En fin de compte, cet acte de vandalisme n’était rien d’autre que la manifestation physique de ce qui s’est passé sur les médias sociaux ces dernières semaines, l’incarnation de l’herméneutique du soupçon, que le père Jorge Bergoglio, futur pape François, décrirait avec précision dans son essai Silencio y Palabra :
« La suspicion est une vieille bête. Elle crée dans le cœur un certain malaise face à tout comportement de mon frère que je ne comprends pas entièrement. Ce malaise s’intensifie et finit par voir comme une menace tout ce qu’il ne comprend pas et ne contrôle pas (…) L’homme suspicieux pèche contre la lumière, il est devenu amoureux de cette attitude de vouloir tout clarifier, car sa vie consiste à confondre la conspiration avec la réalité. Il y a toujours, dans l’homme suspicieux, une zone qui résiste à la lumière de Dieu. Si cette lumière venait, il ne pourrait plus avoir de soupçons. (…) Le soupçon est l’accrochage à une zone de pénombre, qui nourrit l’homme qui a opté pour la partialité du [conflit institutionnel interne] sur la totalité de l’institution en tant que corps ».

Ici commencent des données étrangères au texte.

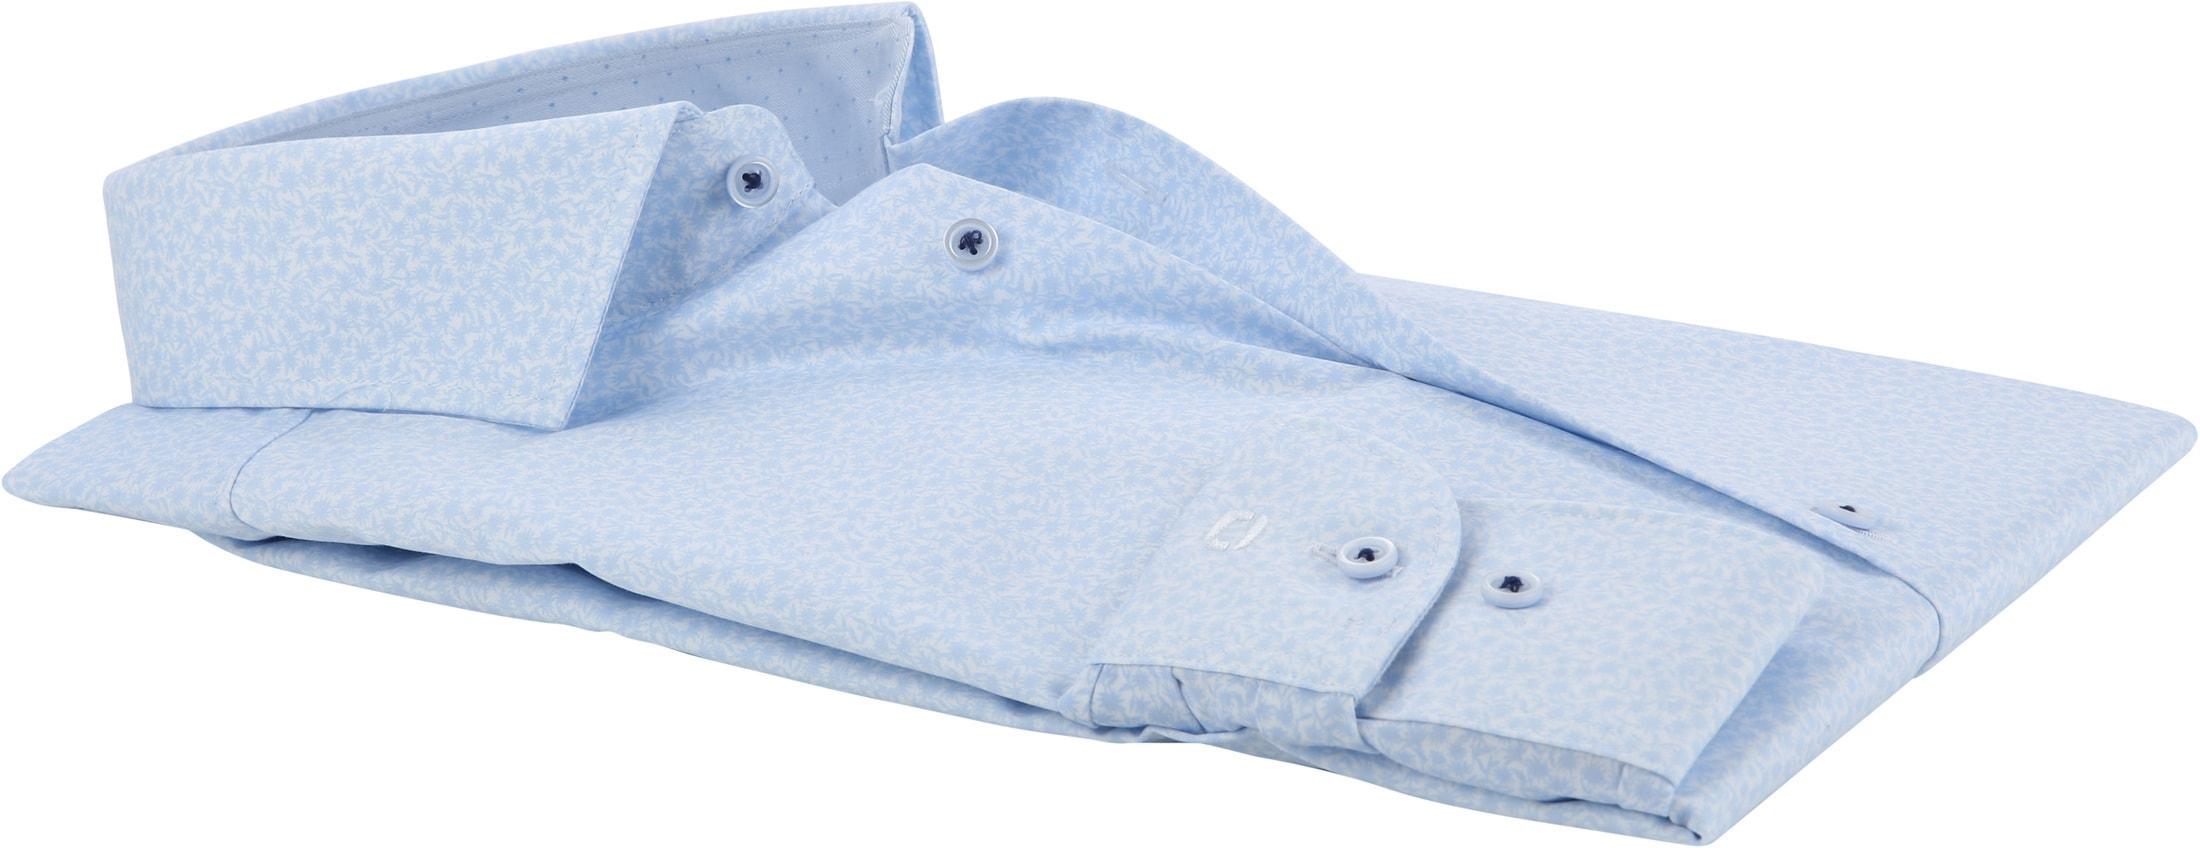 OLYMP Level 5 Overhemd Bloem Blauw BF foto 3
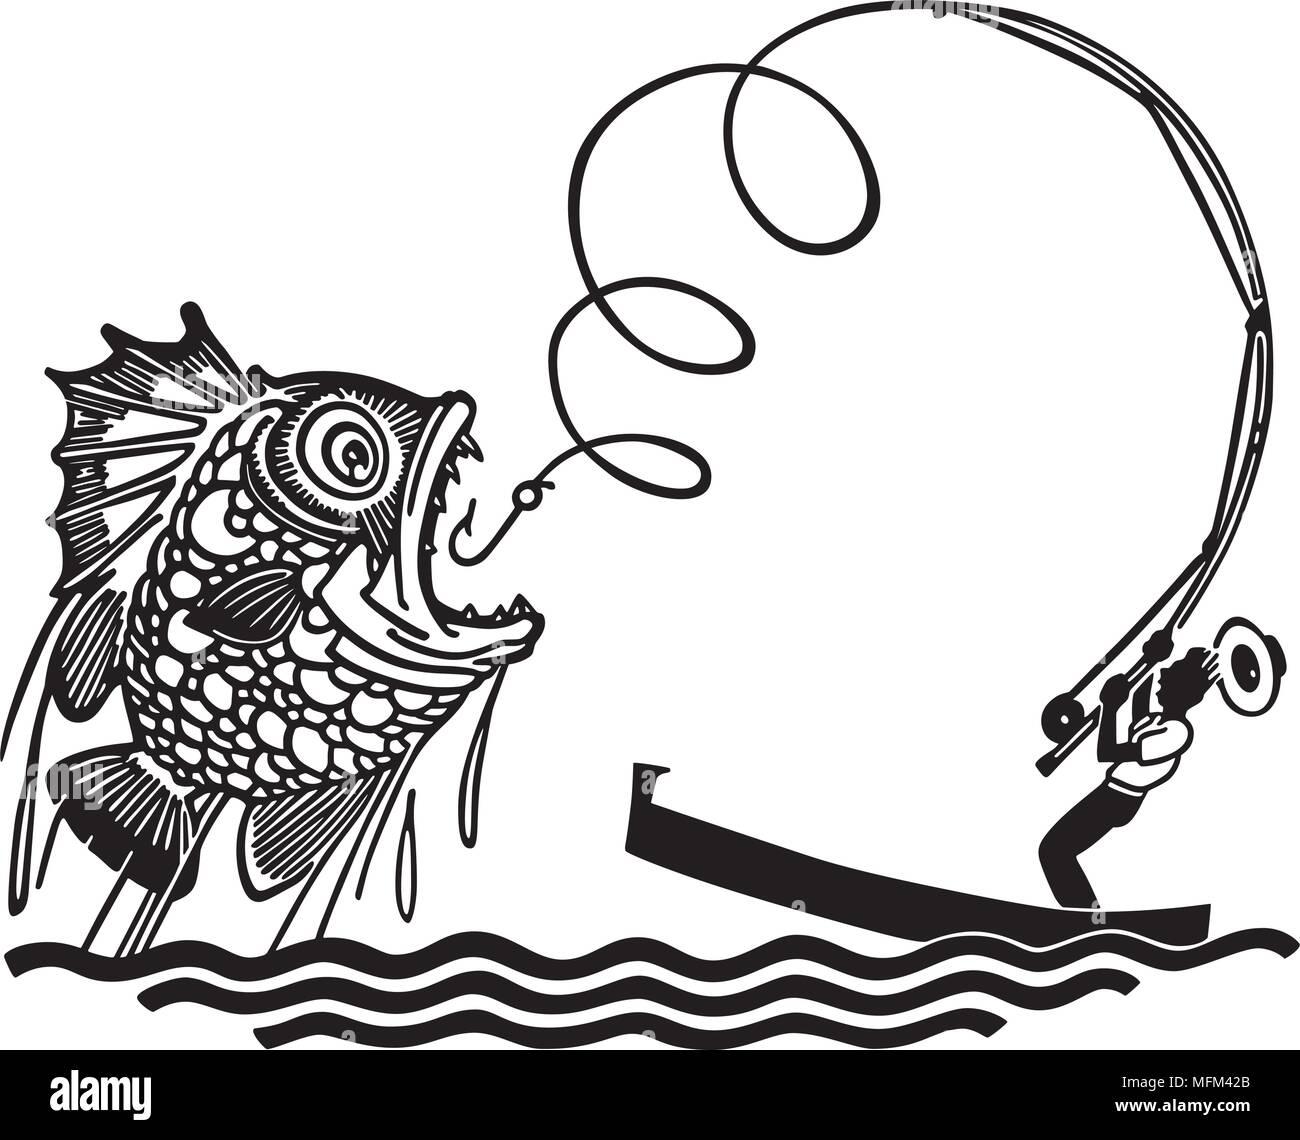 Man catching big fish retro clipart illustration stock vector art man catching big fish retro clipart illustration thecheapjerseys Choice Image

Comme l’ont écrit récemment Paul Fahey et David Lafferty, nous, à Where Peter Is, avons préféré « faire confiance en l’orthodoxie et en la bonne volonté du Pape, du Synode et des participants catholiques indigènes ». Nous nous opposons à l’herméneutique de la suspicion, en avançant plutôt une herméneutique de la foi et de la charité. Certaines personnes nous ont reproché d’avoir cru la femme indigène qui a présenté la statue au Pape à sa juste valeur. Cependant, nous n’avons aucune raison de douter d’elle, ni de sa sincérité. Si sa représentation de la Vierge est imparfaite, construisons à partir de là, au lieu de la lui enlever et de la détruire.
Nous avons essayé de prendre le Synode sur l’Amazonie dans notre cœur et d’en tirer les leçons. Et l’une des choses que le Synode nous a demandé de faire depuis sa création est de parler moins et d’écouter plus. Ceux qui ont sombré dans la suspicion et le vandalisme sont ceux qui ont refusé d’écouter qui que ce soit ou quoi que ce soit, parce qu’ils pensaient avoir tout compris : le rituel était « clairement païen », « même un enfant de 5 ans pourrait comprendre cela » et que ceux qui disaient le contraire « patinent ».
Nous avons plutôt prêté l’oreille aux populations indigènes, car nous avons compris que nous ne savions pas grand-chose et qu’il nous fallait recueillir davantage d’informations. Même en nous appuyant uniquement sur des sources primaires, nous avons dû reconnaître que la réalité des faits était plus ample, plus nuancée et plus complexe que ce que nous pensions au départ. Nous n’avions pas tort, mais nous n’avions pas non plus une vue d’ensemble (ce que nous n’avons toujours pas). Au fur et à mesure que les pièces du puzzle se mettent en place, nous devons intégrer les nouvelles découvertes à celles que nous avons déjà faites, même si, en surface, elles semblent inconciliables. Nous continuons à apprendre.